The team created miniature, 3D cell tissue cultures that replicated a patient’s own brain cells in a dish.

“We might all use our brains differently, but each of us has the same collection of cell types and basic connections,” explained senior author Paola Arlotta, the Golub Family Professor of Stem Cell and Regenerative Biology at Harvard and a member of the Stanley Center. “That consistency is crucial and, with very few exceptions, it is reproduced every time the human brain forms in the womb. There are only the smallest differences between us in terms of the cell types and structures in our brains.”

The team created organoids that were almost indistinguishable from one another even when grown for longer than six months. Given the right conditions, the organoids were healthy and able to develop enough to produce a broad spectrum of cell types.

The research marked the largest ever single-cell RNA sequencing experiment in brain organoids. The team grouped cells based on which genes were expressed at different stages. Using computational models for big data analysis, they compared each group to the cell types that develop in the embryonic cerebral cortex.

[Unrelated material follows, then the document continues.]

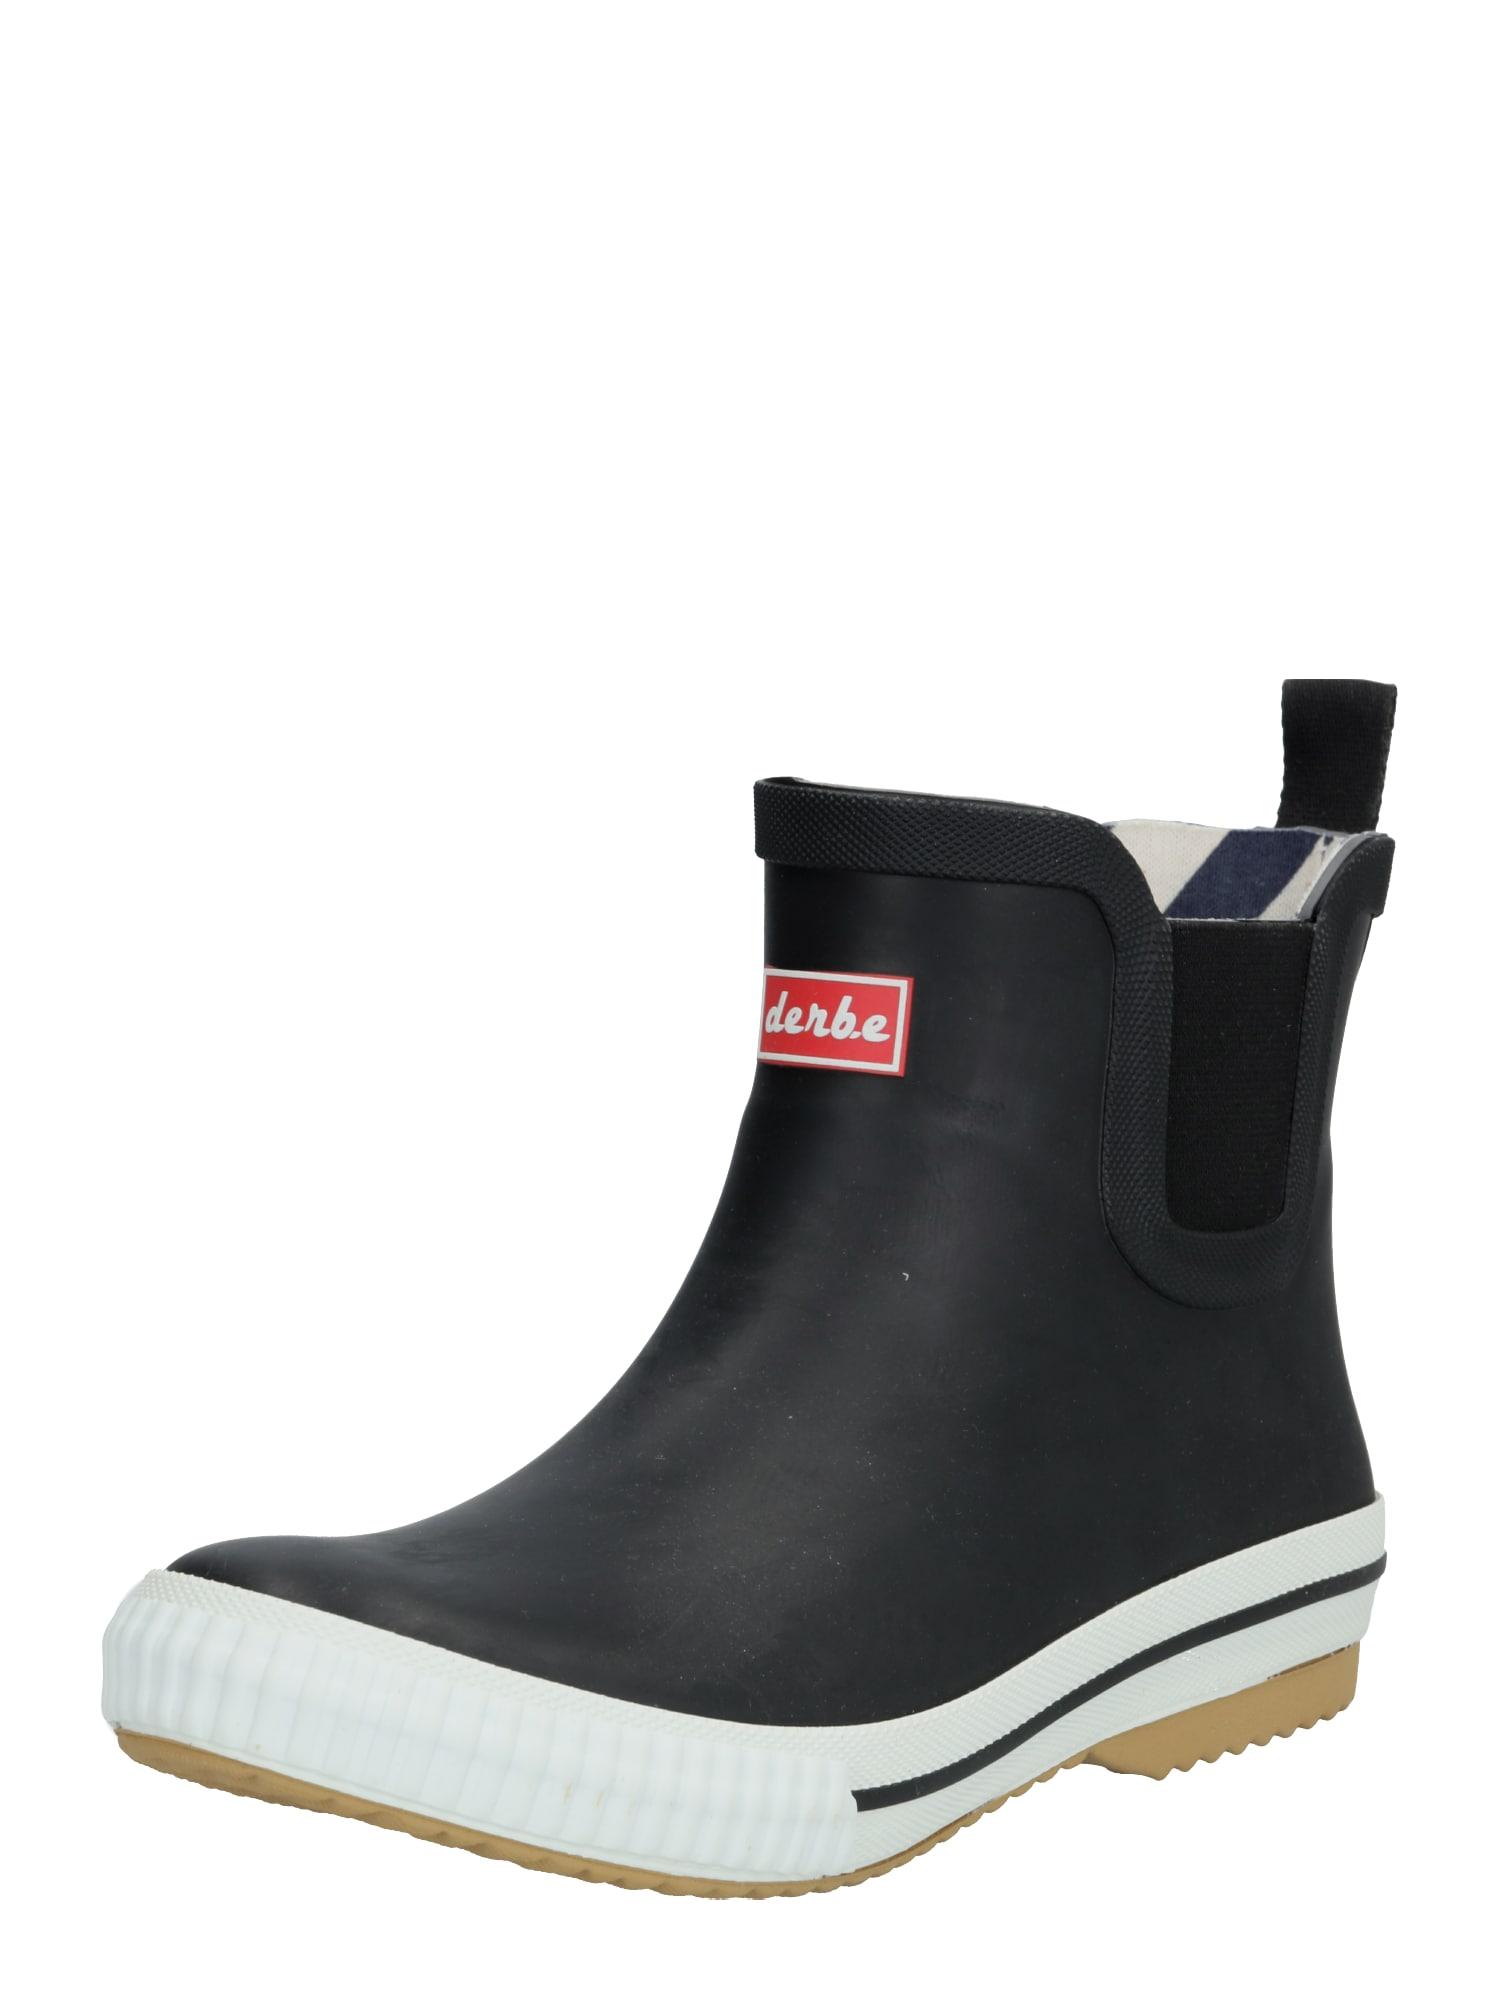 Derbe Guminiai batai 'Wattpuuschen' juoda
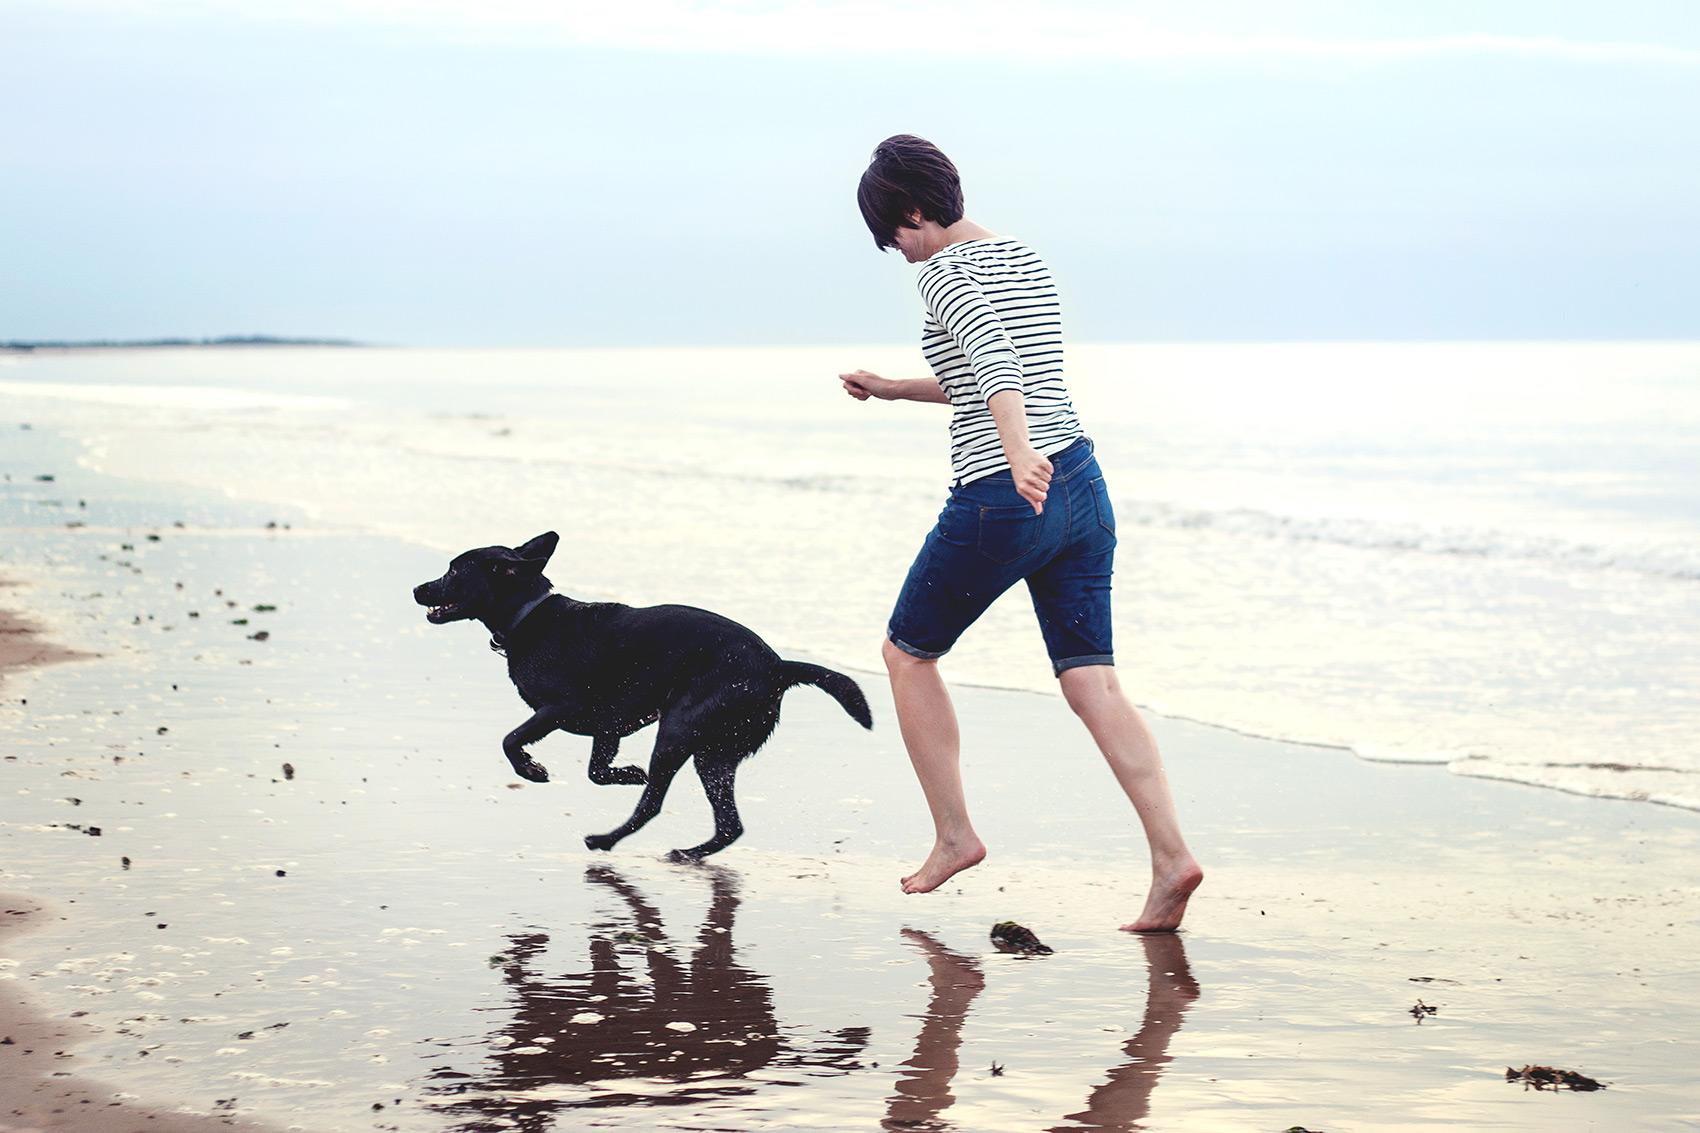 © Esther Wild Photographer, Family Beach Photography Session, Brancaster, Norfolk, UK.

“Despite the different genetic backgrounds, we saw that the same cell types were made in the same way, in the correct order and, most importantly, in each organoid,” said lead author Silvia Velasco, a research scientist at Harvard and the Broad Institute. “We were really excited that this model gave us such consistency.”

Using the optimised method from this study, researchers could make organoids from stem cells derived from patients, or engineer cells containing mutations that are associated with specific diseases.

The findings were published in Nature.